▸ **Instructions to follow**
Please keep the images out and set down the data exactly as given.

▸ **Stored data**

▬▬▬

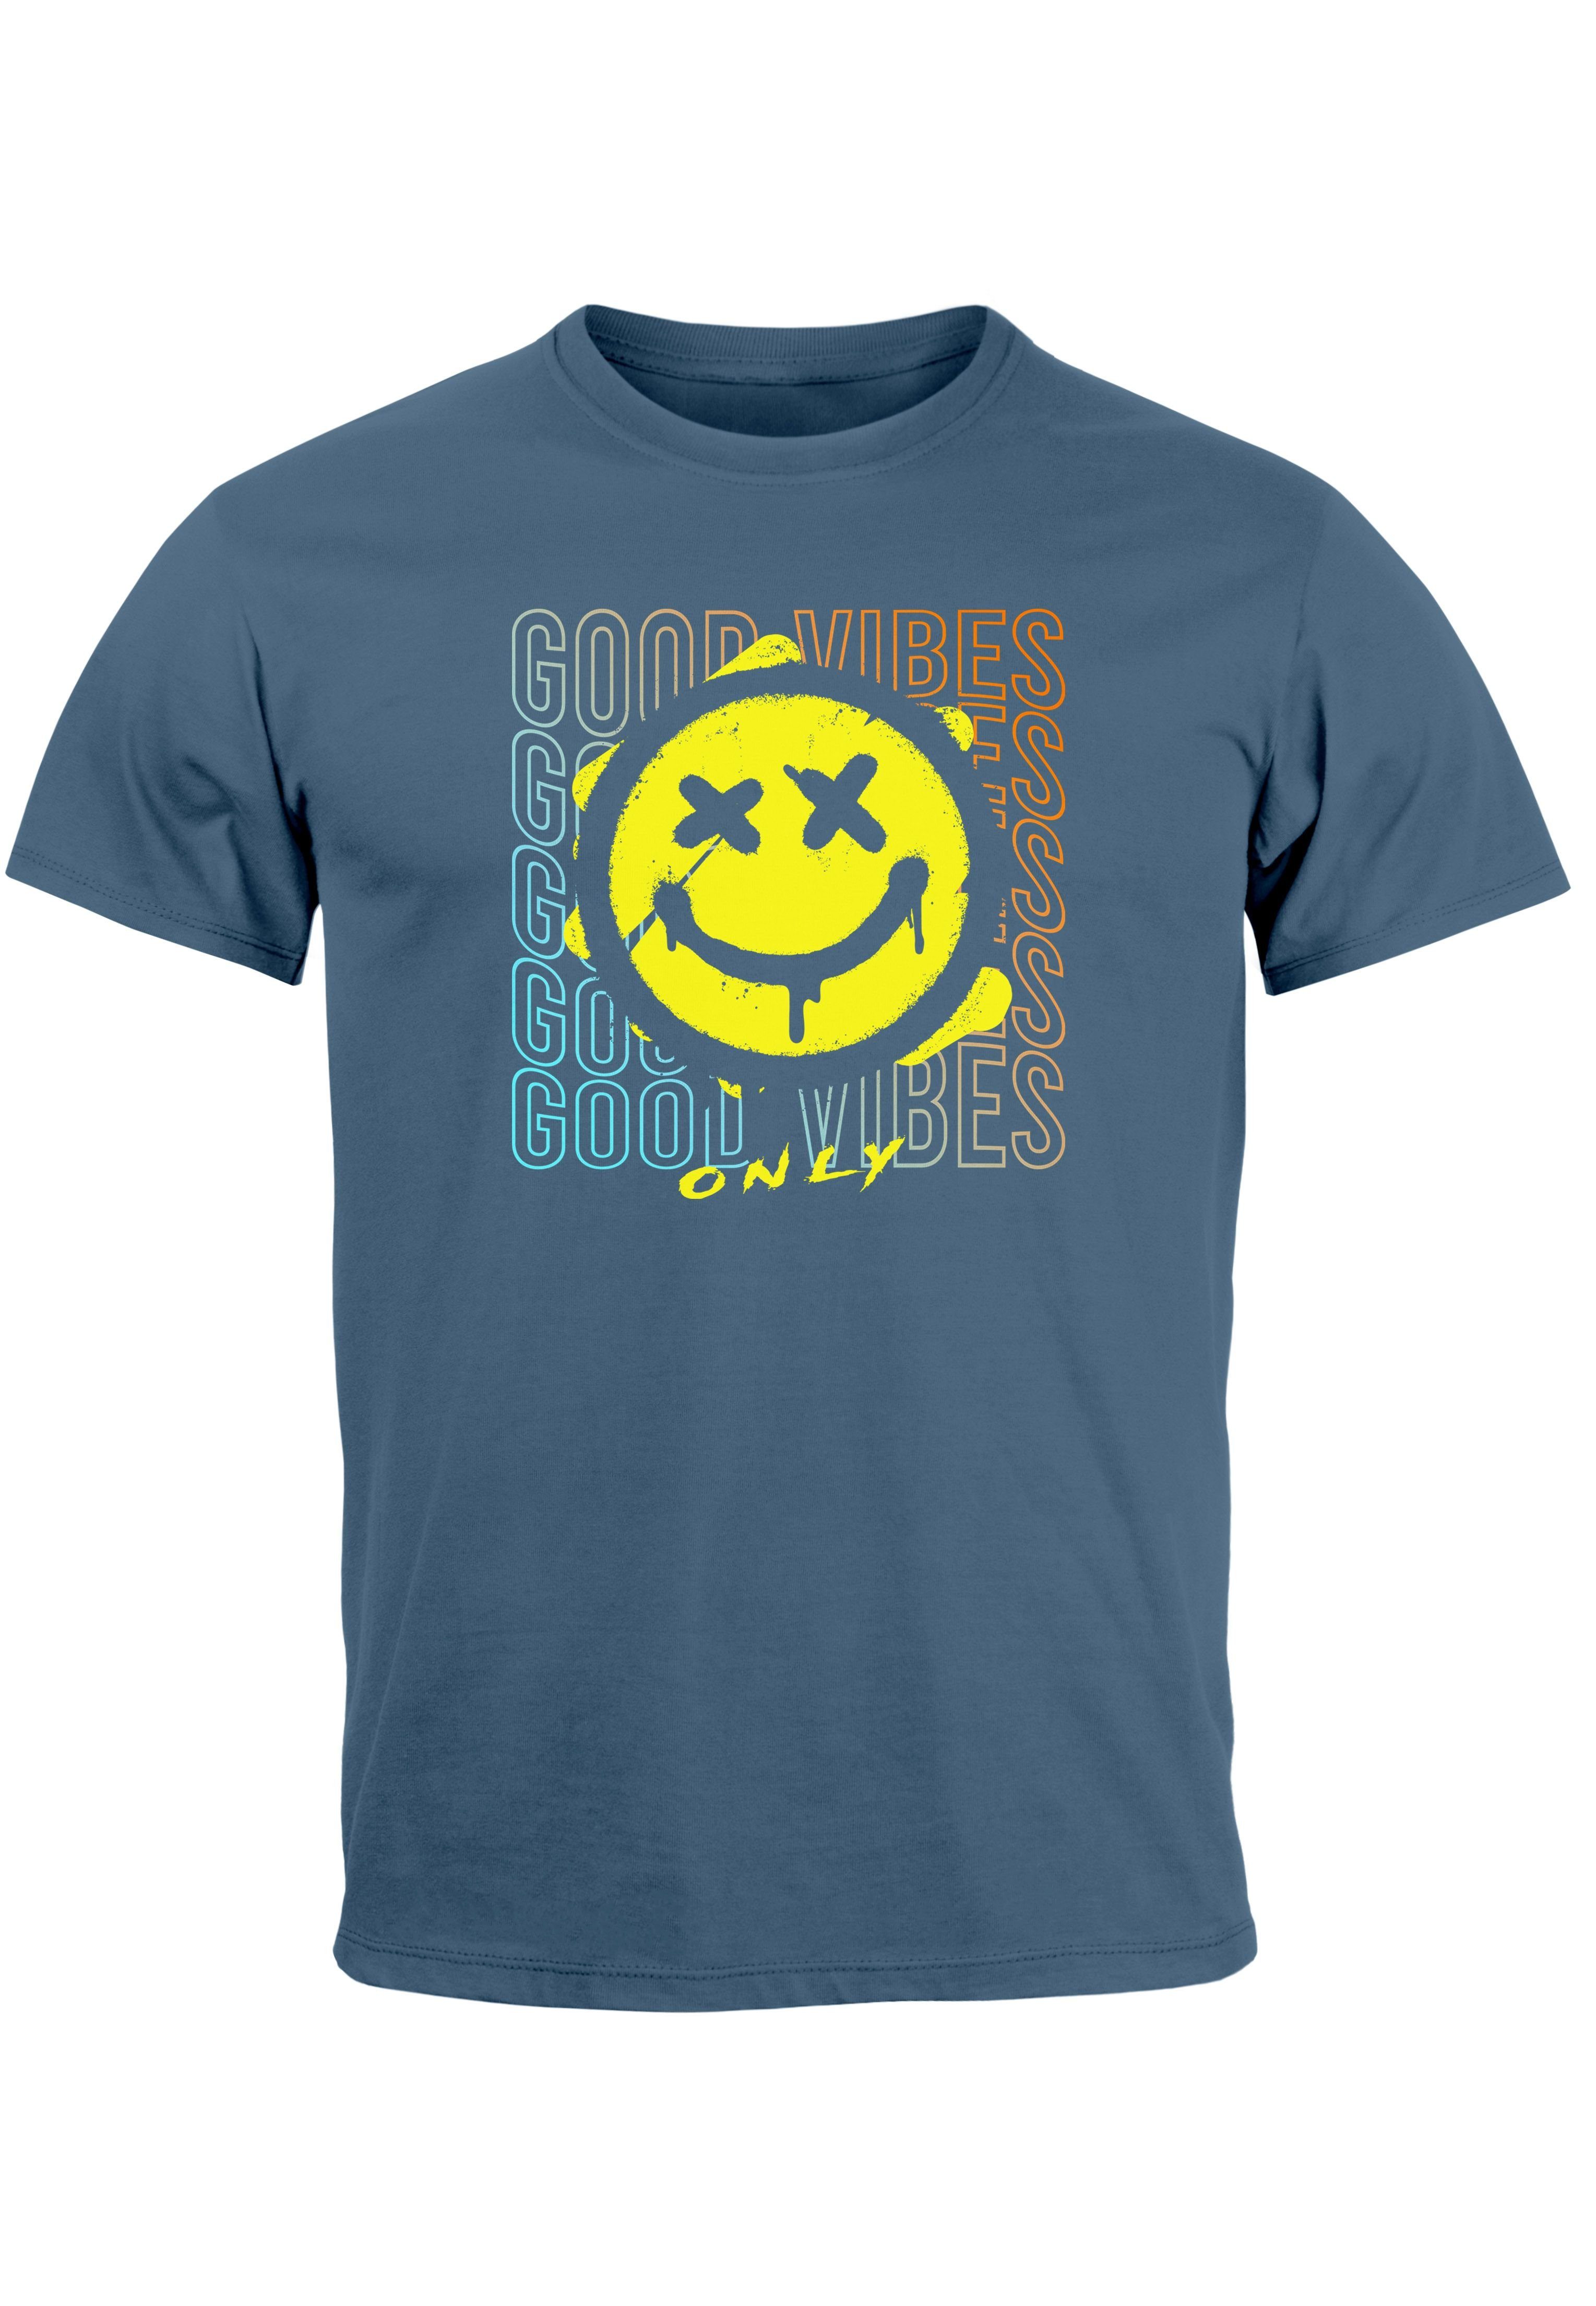 Neverless Print-Shirt Herren T-Shirt Smiling Face Good Vibes Print Aufdruck Bedruckt Teachwe mit Print denim blue
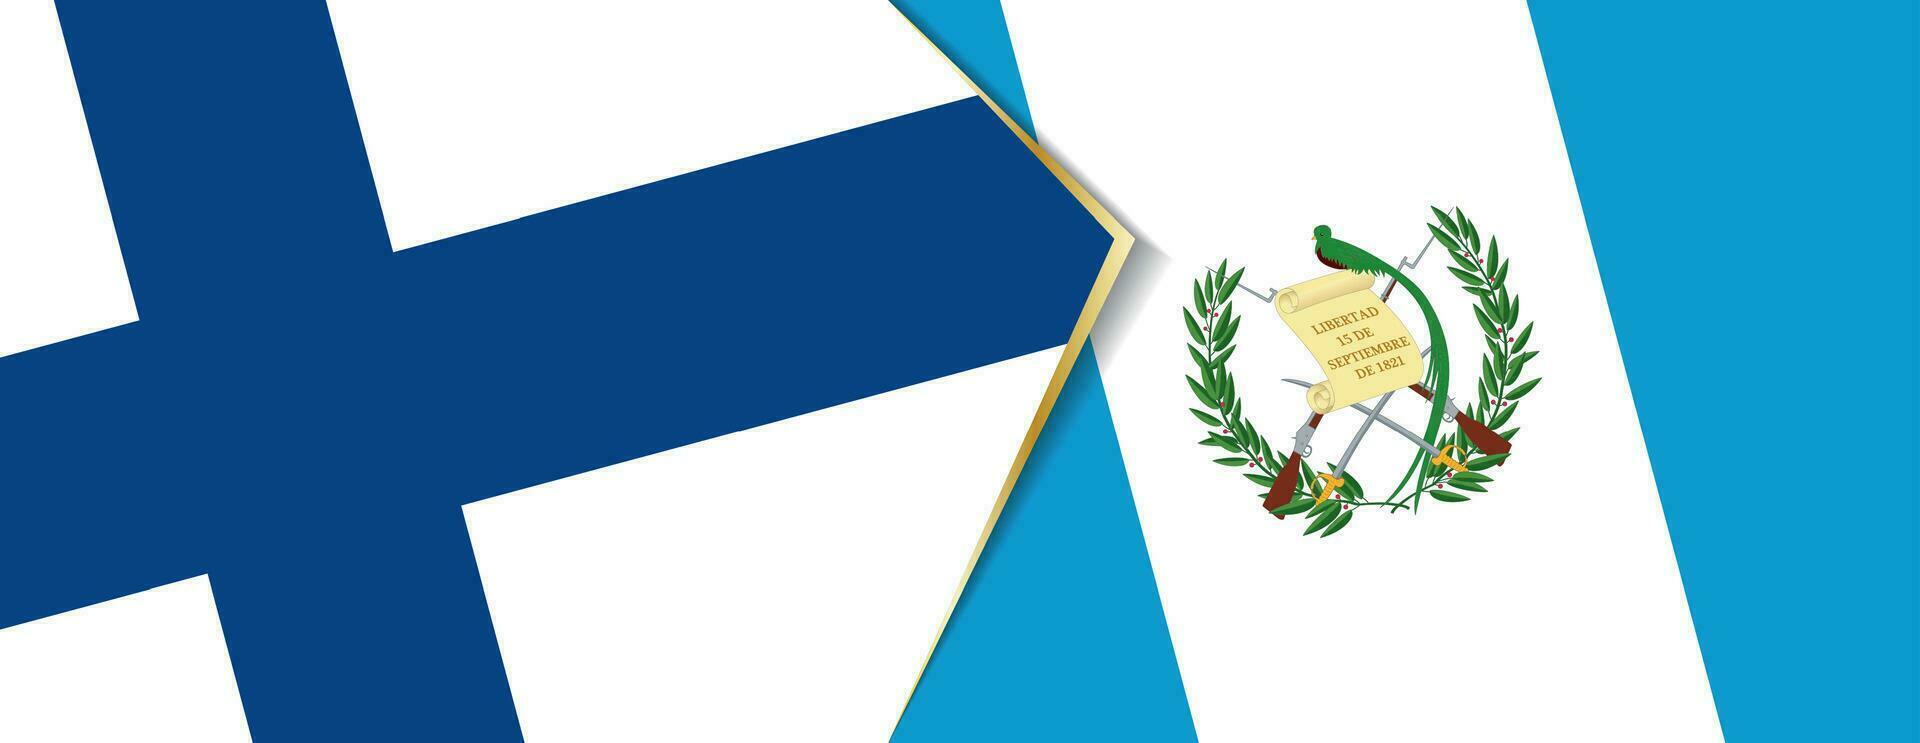 Finlandia y Guatemala banderas, dos vector banderas
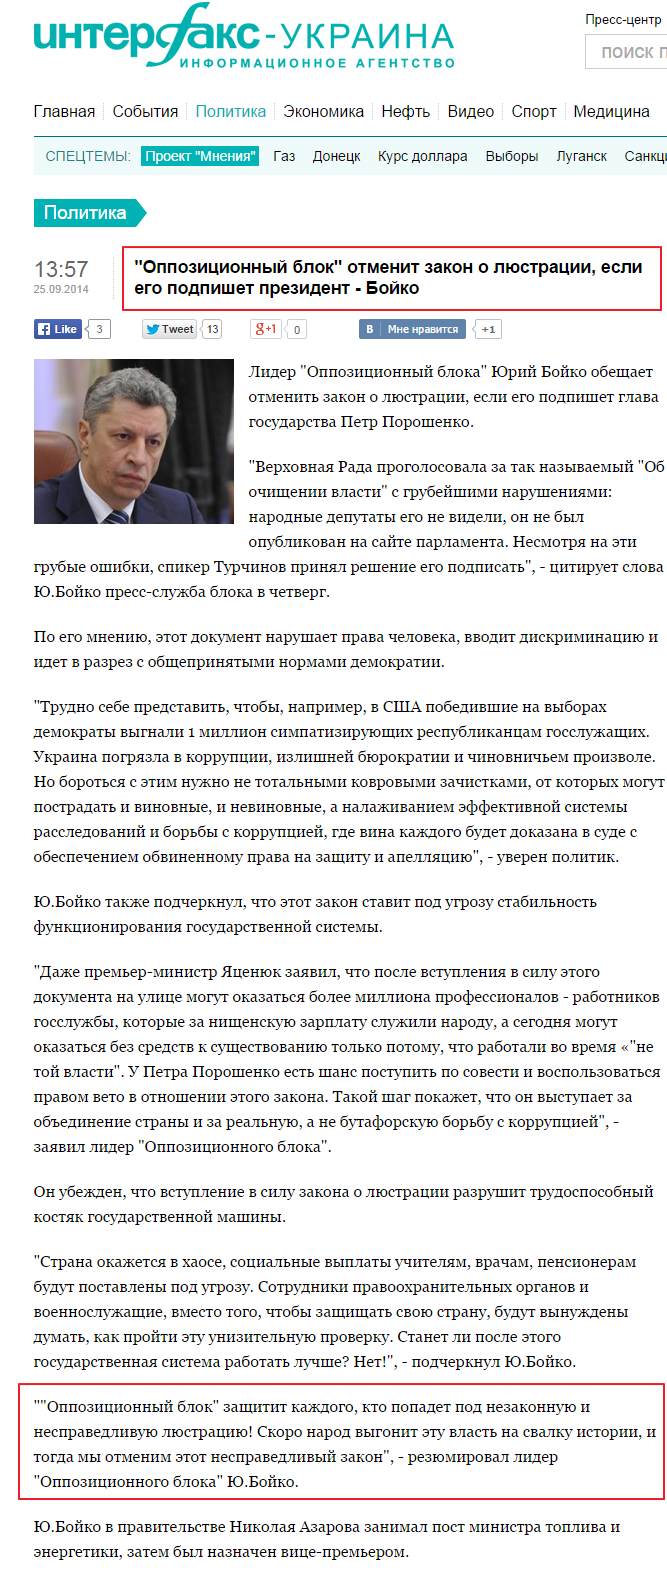 http://interfax.com.ua/news/political/225499.html

▬▬▬

▸ **Response to the task**
 Neverless Print-Shirt Herren T-Shirt Smiling Face Good Vibes Print Aufdruck Bedruckt Teachwe mit Print denim blue
 Finlandia y Guatemala banderas, dos vector banderas
 http://interfax.com.ua/news/political/225499.html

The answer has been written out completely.